Wittgenstein, De la certitude, Elise Marrou, Ellipse, 2006. Lu par Marie-Christine Ibgui

1.Dans ce petit livre publié dans la collection « Ellipse », Elise Marrou nous offre un riche commentaire de la grande œuvre du  « troisième » Wittgenstein , intitulée  De la certitude , consacrée à l’examen de la thèse de G.E. Moore, selon laquelle la référence au sens commun permet d’établir avec certitude des propositions aussi évidentes que « je sais que ceci est ma main », « la terre a existé depuis longtemps avant ma naissance », ou encore « je sais que je ne me suis jamais beaucoup éloigné de la surface de la terre », et par la même occasion , d’en finir avec le scepticisme  et l’idéalisme philosophique.

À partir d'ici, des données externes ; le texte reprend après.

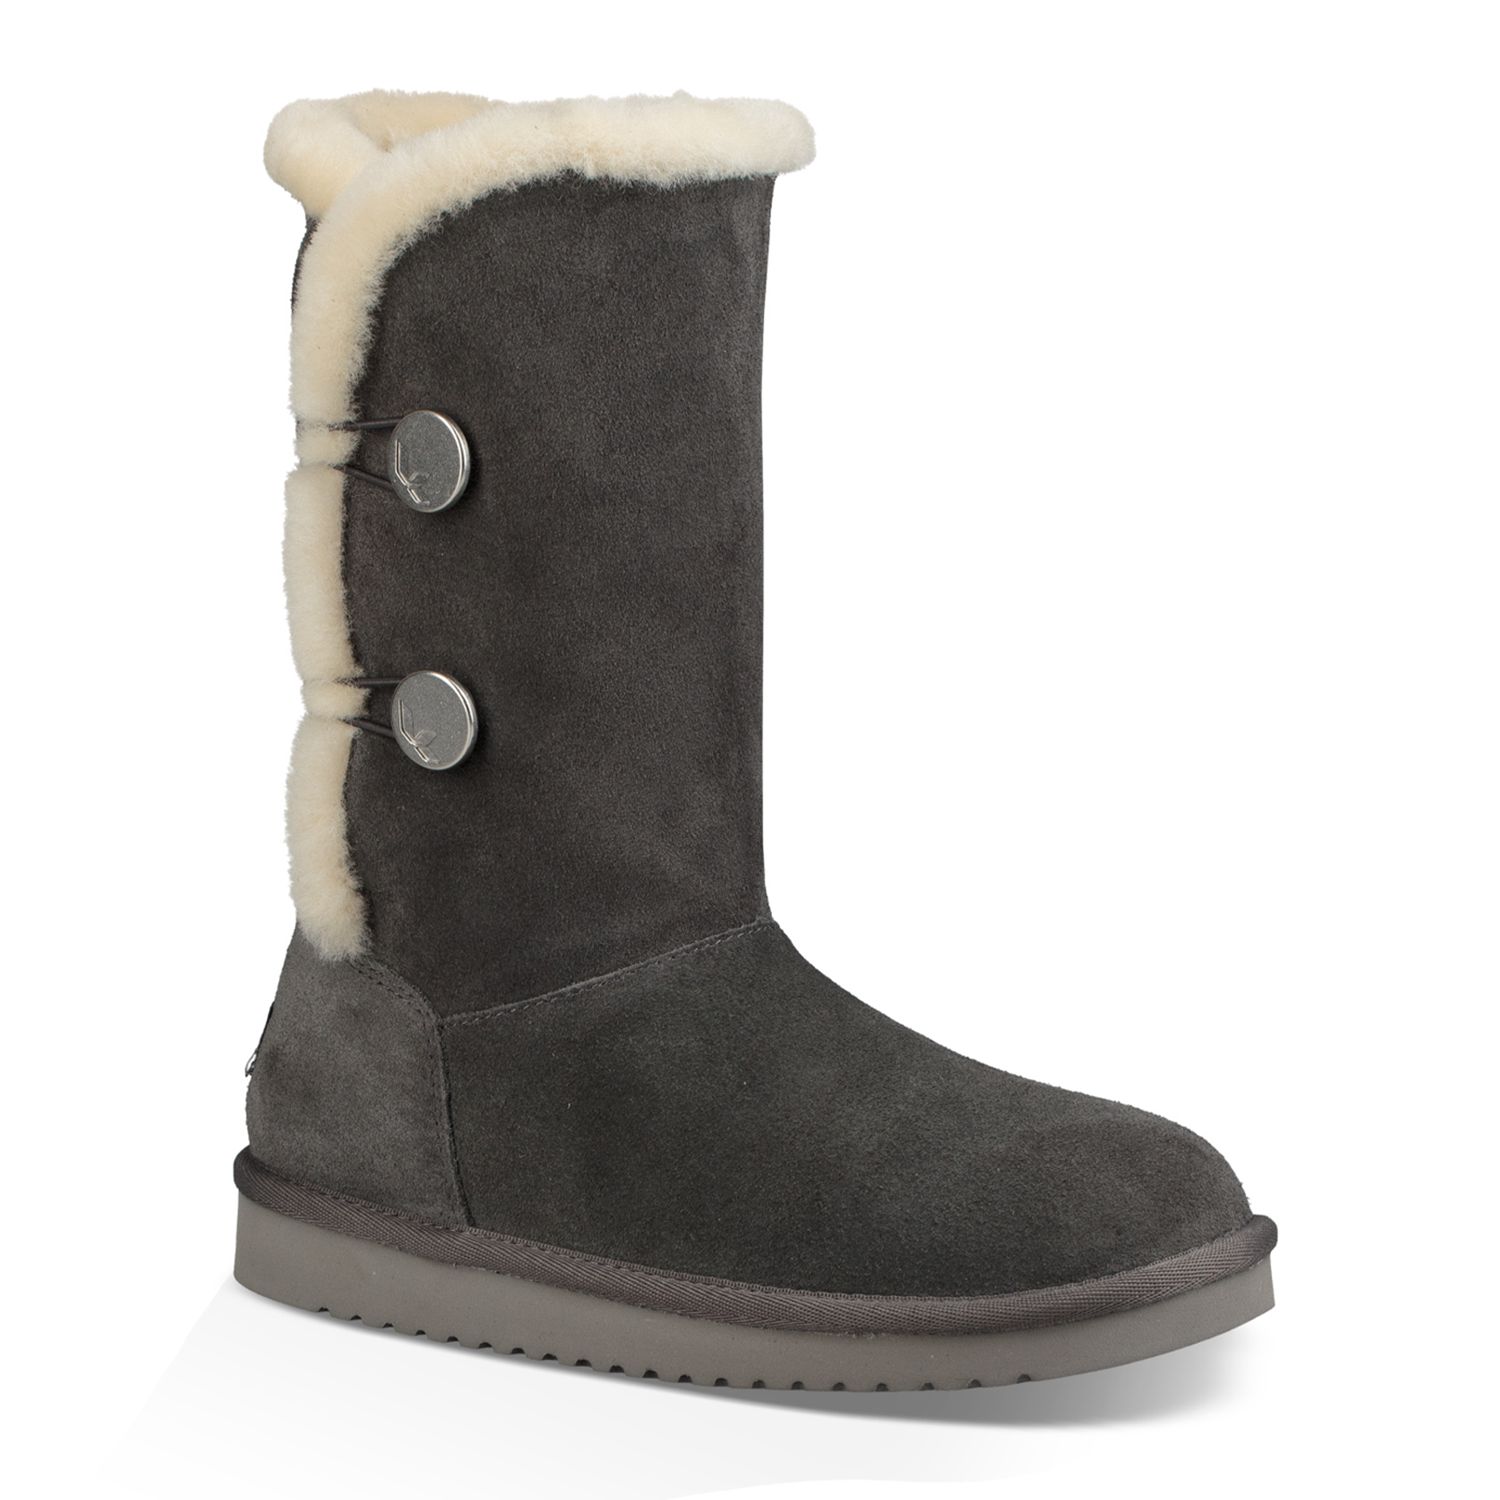 ugg boots at kohl's

1.1. A quoi, Wittgenstein, rétorque, « tu ne sais rien du tout » (DC§407). Elise Marrou note d’emblée que ce que met en cause Wittgenstein, c’est moins le retour plutôt salutaire à l’évidence de ces propositions apparentée  aux « vérités » du sens commun que la prétention à leur donner un quelconque sens : cela a t-il un sens, comme le fait Moore, de prétendre qu’il est impossible de nier la proposition : « je sais que ceci est mon pied » ? Affirme-t-il un tel énoncé en vertu d’une certitude ? D’un savoir ? Que désigne-t’on par savoir ? Par le fait d’être être certain ? La conviction qu’une proposition ne saurait être mise en doute relève-t’-elle d’un état subjectif, psychologique certain de lui-même ou d’une possession de la vérité ?

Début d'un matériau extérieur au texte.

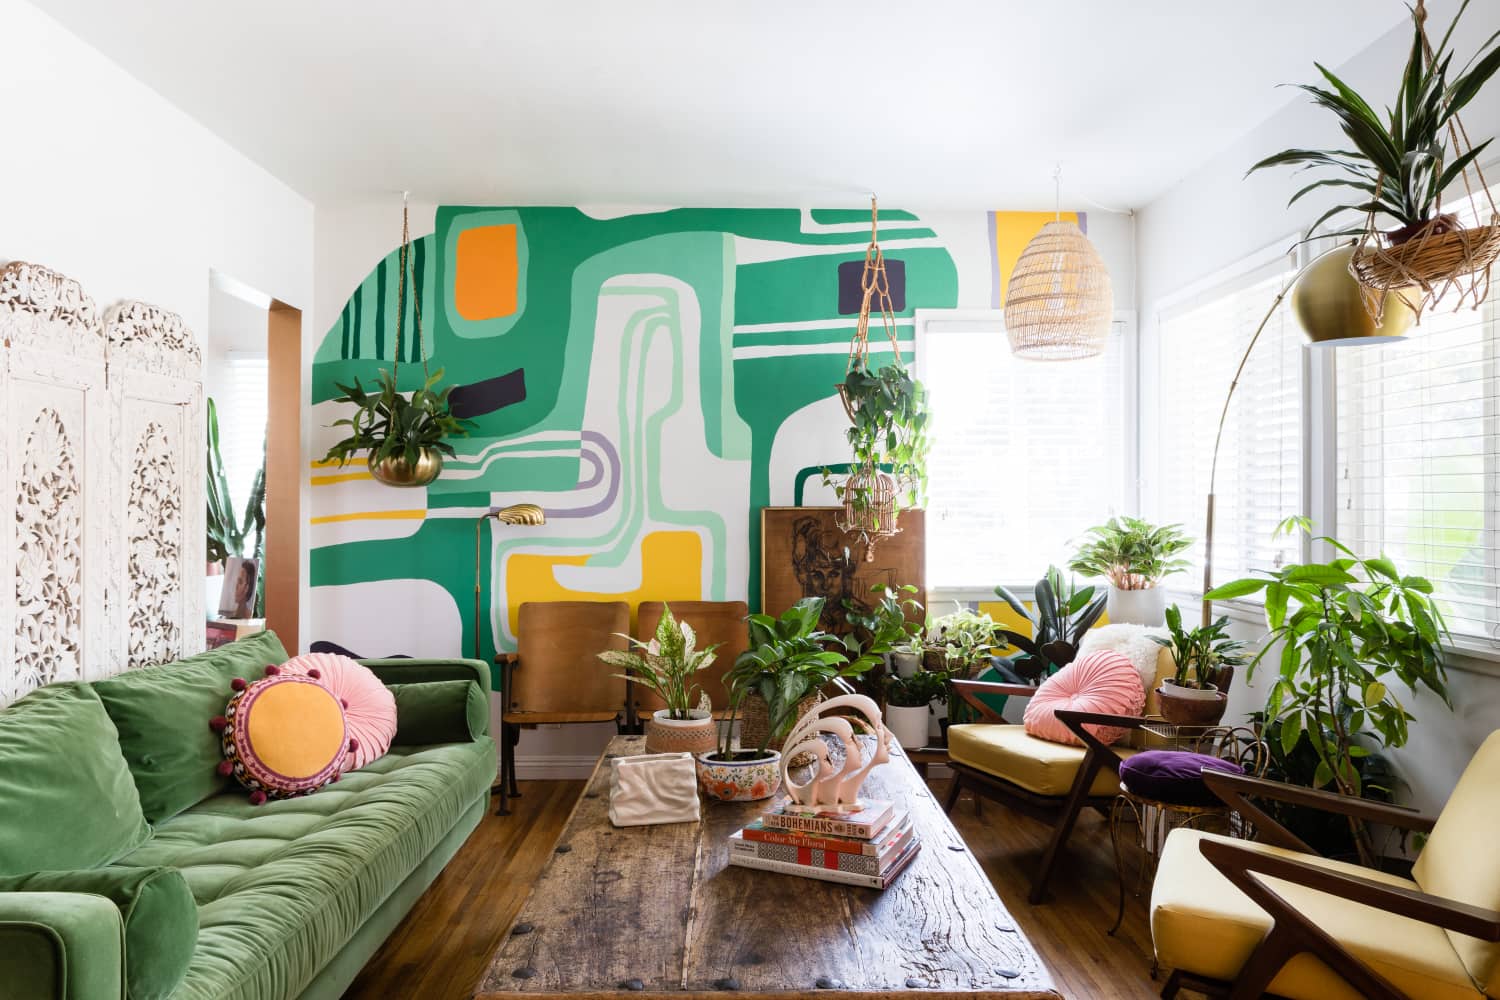 Colorful DIY Mural Ideas That Are Affordable and DIY-able | Apartment ...

1.2. De telles questions soulevées par le philosophe visent à interroger le sens de ce qu’on appelle « savoir », « être certain », mais aussi « croire » et « douter » : l’originalité de Wittgenstein, consiste, en rupture avec les approches  psychologiques et essentialistes, à opérer les différences conceptuelles  entre ces catégories à partir d’une approche grammaticale de jeux de langage ordinaires au sein desquels ces différences s’expriment.

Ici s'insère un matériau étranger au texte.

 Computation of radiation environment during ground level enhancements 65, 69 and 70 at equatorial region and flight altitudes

1.3.A propos de ces notions, et en particulier, de celle de certitude, Elise Marrou soutient que pour Wittgenstein, il s’agit aussi bien d’abandonner l’idée d’une classification des différentes modalités doxiques de la connaissance d’après des critères internes du sujet ou des critères objectifs, que de renoncer à l’idée de tenir pour pertinent ce genre de questions posées en des termes essentialistes, (qu’est-ce que ?) , et cela, au profit d’une description des contextes linguistiques au sein desquels l’usage des termes  comme croire, être certain, savoir, douter ont un emploi dotés de sens. Il y a donc un déplacement des données du problème puisqu’il s’agit à présent de resituer ces différentes catégories conceptuelles dans les jeux de langage où elles sont ordinairement employées et de clarifier ainsi, par une approche grammaticale, l’emploi de la notion de « certitude », mobilisée le plus souvent par la philosophie, et en l’occurrence par Moore, hors de toutes circonstances définies et dans un langage qui tourne à vide, incapable de donner un sens à l’expression » je sais que ceci est ma main ». Il ne s’agit pas d’une recherche empirique mais d’un examen logique s’attachant à mettre en évidence les règles de fonctionnement des jeux de langage.

 

2.Elise Marrou rappelle que l’ouvrage De la certitude, écrit dans un climat cambridgien très hostile à l’idéalisme et au scepticisme, est une réponse aux thèses défendues par Moore, dans l’article,  A defense of Common Sense (1925) et dans la conférence intitulée A Proof of An External World (1939). Moore établit dans ce premier texte l’existence de «  la vision du monde du sens commun » formée à partir de propositions et de truismes absolument évidents qui permettent de savoir avec certitude « qu’il existe en ce moment un corps humain qui est mon corps », que « mon corps est né à un certain moment du passé ». On a affaire à des certitudes irréfutables, sourdes aux arguments des idéalistes et des sceptiques : elles se passent de toute justification, de toute méthode, de tout test fondé sur un doute méthodique. Dans le second texte relatif à la démonstration du monde  extérieur, Moore s’offusque de ce que la philosophie se soit bornée à faire du monde extérieur une simple croyance et soutient qu’une démonstration du monde extérieur en « situation » est possible : il suffit de lever ses deux mains, d’agiter la main droite tout en disant «  voici  une main  » puis de lever la main  gauche et de déclarer « en voici une autre ». Ces deux textes de Moore constituent le point de départ de la réflexion de Wittgenstein sur la  notion de certitude et sur les critères qui rendent caduques et absurdes le moindre soupçon à l’égard de ces propositions évidentes : comment pouvons énoncer des certitudes qui ne puissent faire l’objet d’un doute ? La solution, précédée d’une critique très virulente de la conception de la certitude de Moore, sera pour Wittgenstein, à chercher du coté de la fonction logique jouée par certaines énoncés dans le « système des propositions empiriques », c'est-à-dire de leurs fonctions grammaticales dans le jeu de langage où s’énonce la certitude.

 

3. Elise Marrou aborde la vraie nature de la critique de Wittgenstein à l’égard de Moore auquel il conteste le fait de prétendre que l’énoncé « je sais que ceci est une main » soit justement l’objet d’un savoir. Il lui reproche d’avoir été dupe de propositions du langage, de nature à nous ensorceler, faute d’avoir été attentif à la diversité des usages du terme savoir : le sens d’un terme réside dans son usage. La méthode de Wittgenstein est celle d’une clarification des concepts s’appuyant sur la grammaire du mot « savoir » au sein du langage de façon à en extirper « les propositions qui nous envoûtent. »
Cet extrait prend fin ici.